Expulsions de Roms : la France n’est toujours pas blanchie par l’UE

Les questions entourant la politique d’expulsion des Roms en France et ses répercutions européennes ne sont pas prêtes de se dissiper contrairement à ce qu’à pu affirmer, la semaine passée, Nicolas Sarkozy.

Mardi dernier, le président français s’est félicité, en marge d’un sommet à Deauville en compagnie de la chancelière allemande Angela Merkel et du président russe Dmitri Medvedev, de l’annonce du retrait par la commission européenne de la procédure d’infraction envers la France « pour la simple raison, qu’il n’y avait de discrimination » à ce sujet.

En réponse aux déclarations du président français, la commissaire européenne chargée de la Justice, Viviane Reding, a tenu à préciser que la procédure d’infraction contre la France concernant l’application de la directive de 2004 à propos de la liberté de circulation était juste temporaire. La procédure « restera ouverte jusqu’au moment où le gouvernement français adoptera sa législation ». Par ailleurs, Viviane Reding a ajouté que Bruxelles patientera quelques semaines pour se prononcer sur le caractère discriminatoire ou non de ces expulsions.

Les propos de Nicolas Sarkozy ont également provoqué un tollé du coté de Budapest. Dans un texte transmis au Monde mercredi, Rob Kushen, le directeur du Centre Européen pour les Droits des Roms (CEDR), basé dans la capitale hongroise, s’est empressé mercredi de démentir l’idée selon laquelle la France se trouverait exonérée par la Commission Européenne.

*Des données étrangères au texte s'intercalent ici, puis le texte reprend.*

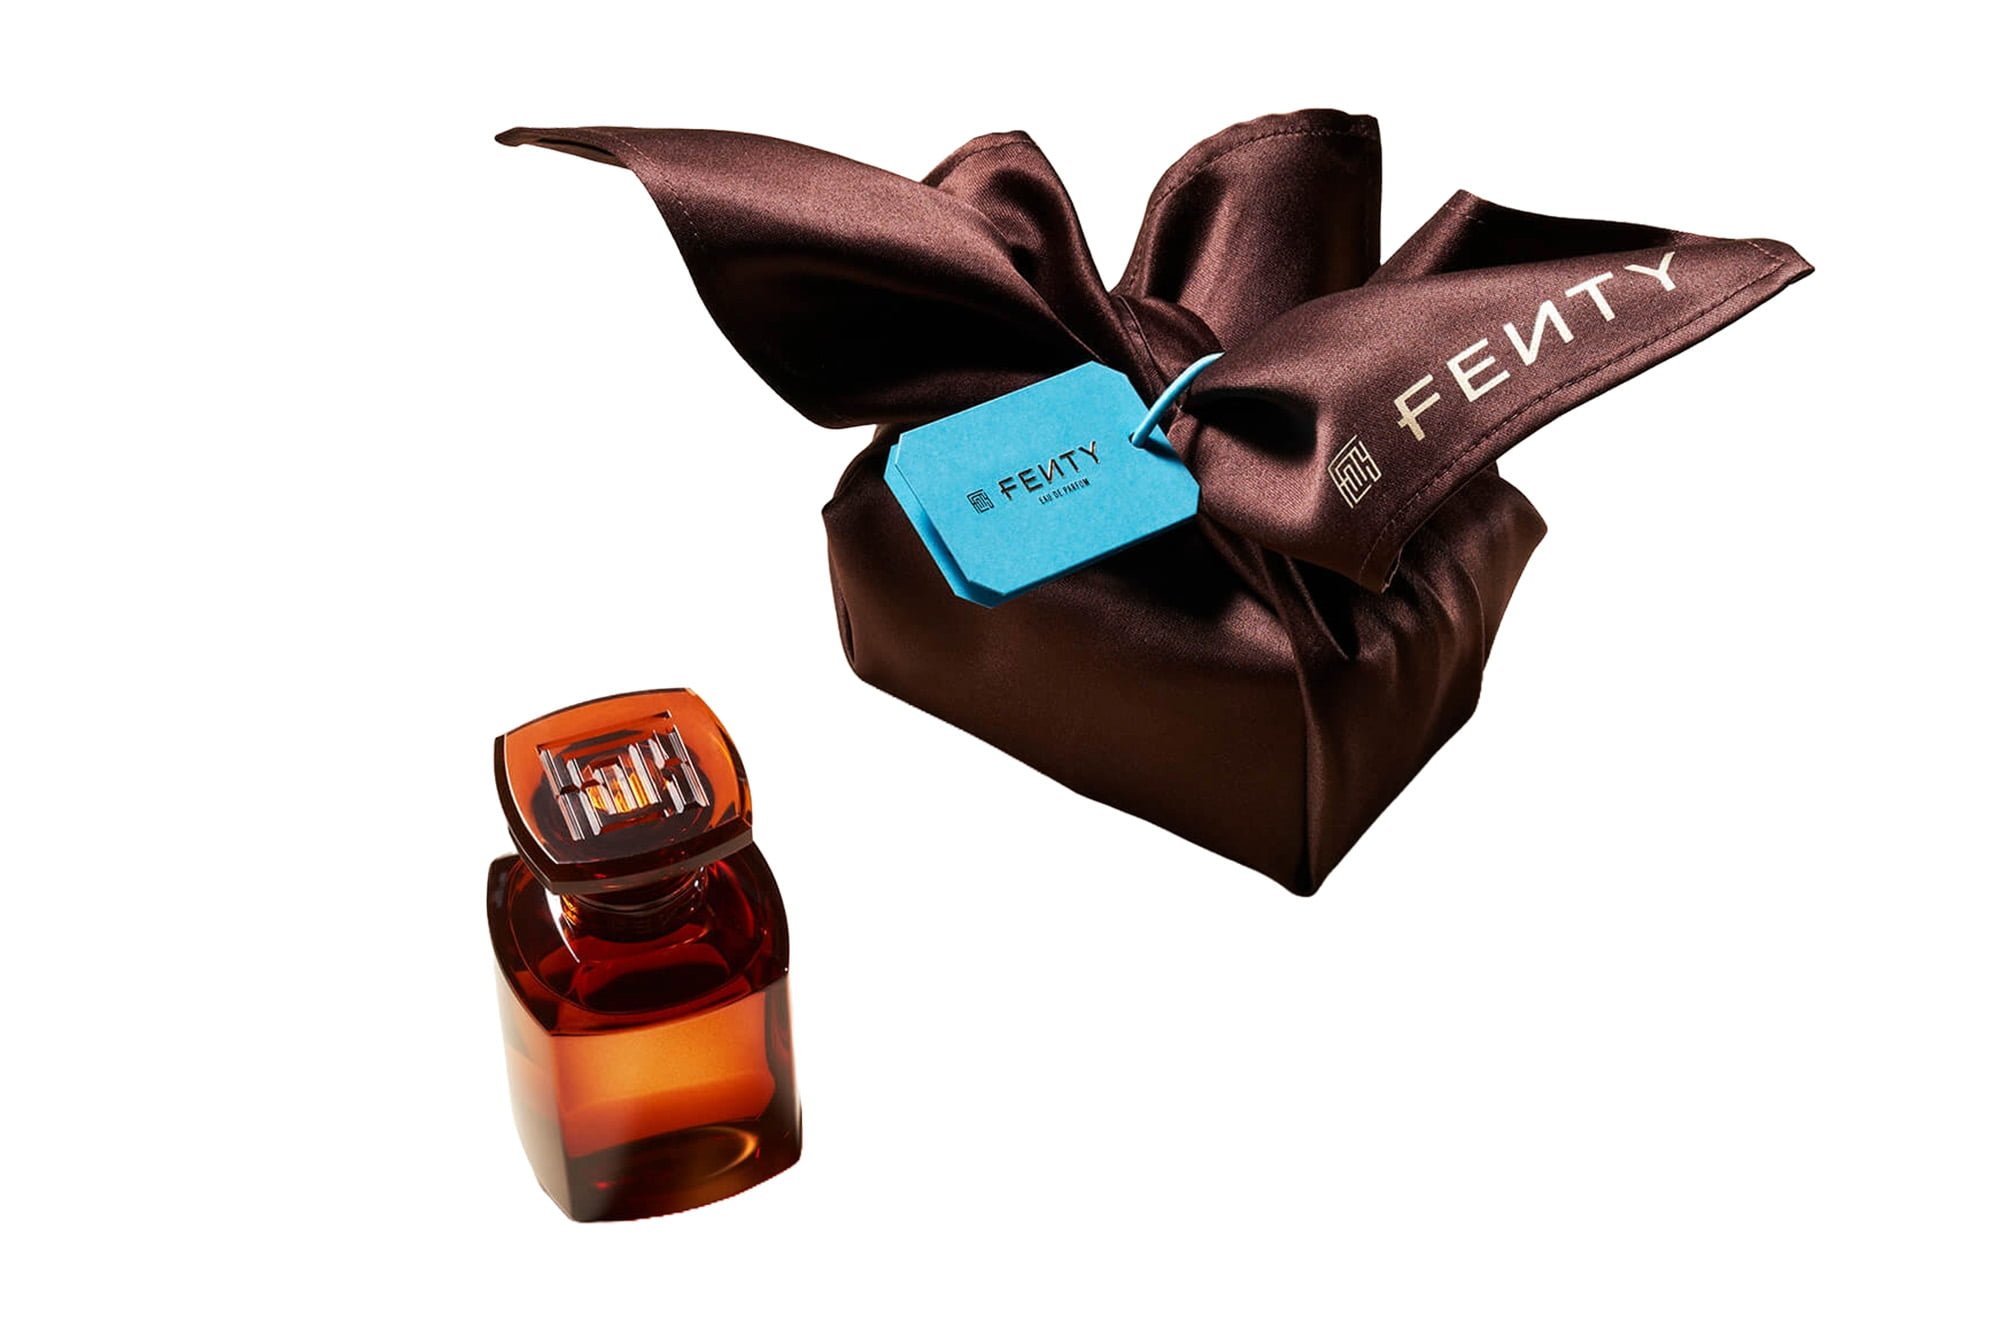 A Fenty holiday perfume set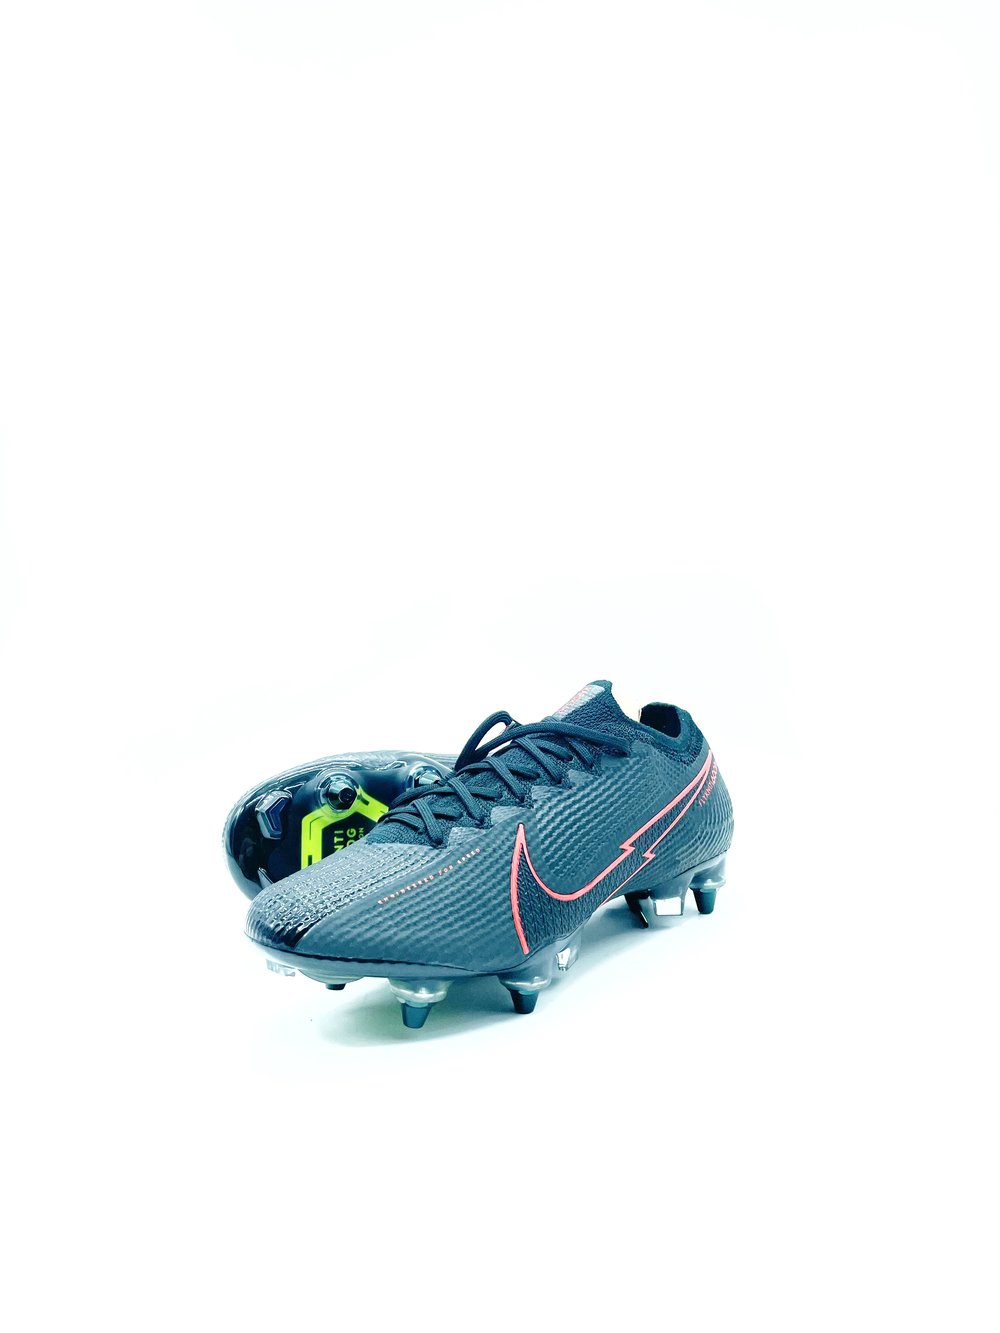 Image of Nike Vapor XIII BLACK sg

Il a même laissé entendre que la procédure devrait reprendre de plus belle car « les preuves de discrimination étaient évidentes ».

Cette intervention de Rob Kushen fait suite à celle du financier américain d’origine hongroise Georges Soros, l’un des principaux soutiens du CEDR, qui, cet été, avait vivement critiqué la politique du gouvernement français à l’égard de la population Rom.